Member of the Palestinian Legislative Council
- In office 1996–2006
- President: Yasser Arafat
- Prime Minister: Various

Personal details
- Born: 3 April 1940 (age 86) Bethany
- Education: Damascus University
- Occupation: Lawyer, journalist, politician

= Ziad Abuzayyad =

Palestinian lawyer, journalist and politician

Ziad Ali Khalil AbuZayyad (زياد علي خليل أبو زياد) (born April 3, 1940) is a Palestinian lawyer, journalist and politician.

==Biography==
Ziad Ali Khalil AbuZayyad is an attorney at Law who graduated from Damascus University in 1965.

He is the co-editor and publisher of the quarterly Palestine-Israel Journal of Politics, Economics and Culture, PIJ.ORG, which he co-founded in 1994 with prominent Israeli journalist, Victor Cygielman, as a joint Palestinian-Israeli venture. He is also a weekly columnist of Al-Quds Arabic daily newspaper.

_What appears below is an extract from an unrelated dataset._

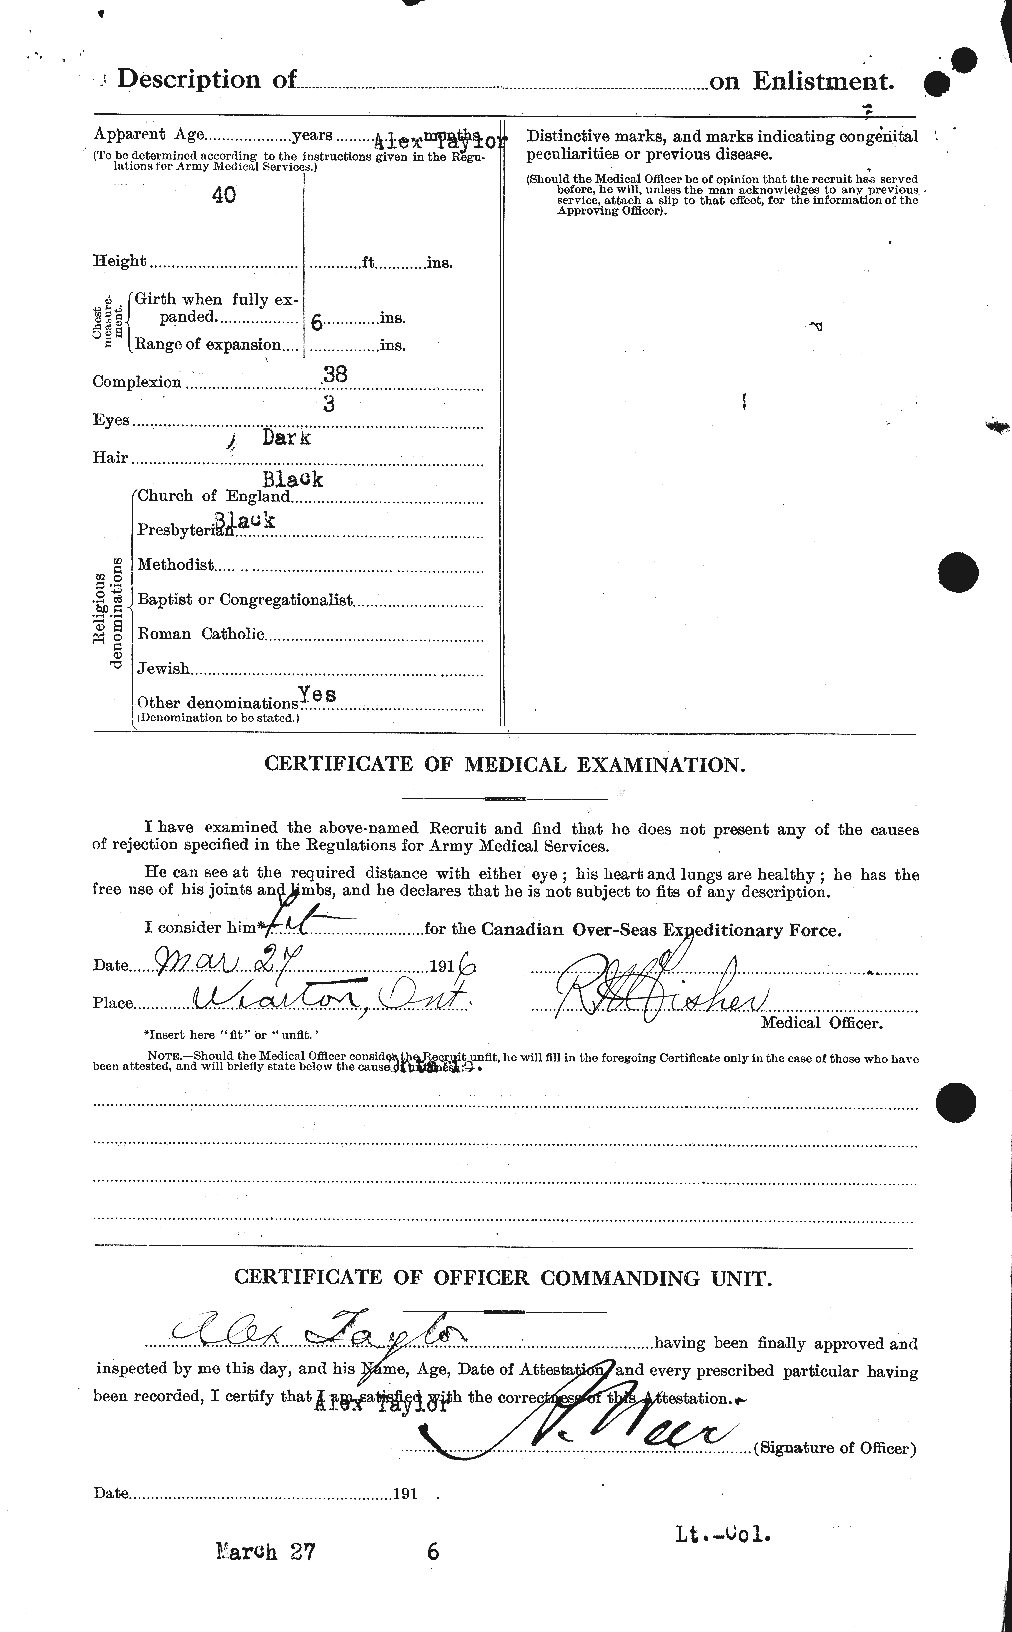 Dossiers du Personnel de la Première Guerre mondiale - CEC 626134b

Abuzayyad is also a former member of the Palestinian Legislative Council (1996–2006), former Minister of State in the Palestinian Authority (1998–2002), and former Deputy Chairman of the Political Committee of the Euro-Med Parliament (2004–2005). He was also the head of the Palestinian delegation to the Middle East multilateral peace talks in the Arms Control and Regional Security Working Group (ACRS) from 1994 to 1996.

AbuZayyad was an advisor to the Palestinian negotiating team in Washington, DC in 1992, and later a member of the post-Oslo negotiating team that concluded the 1994 Israeli-Palestinian Agreement ("The Cairo Agreement" that led to the establishment of the Palestinian Authority).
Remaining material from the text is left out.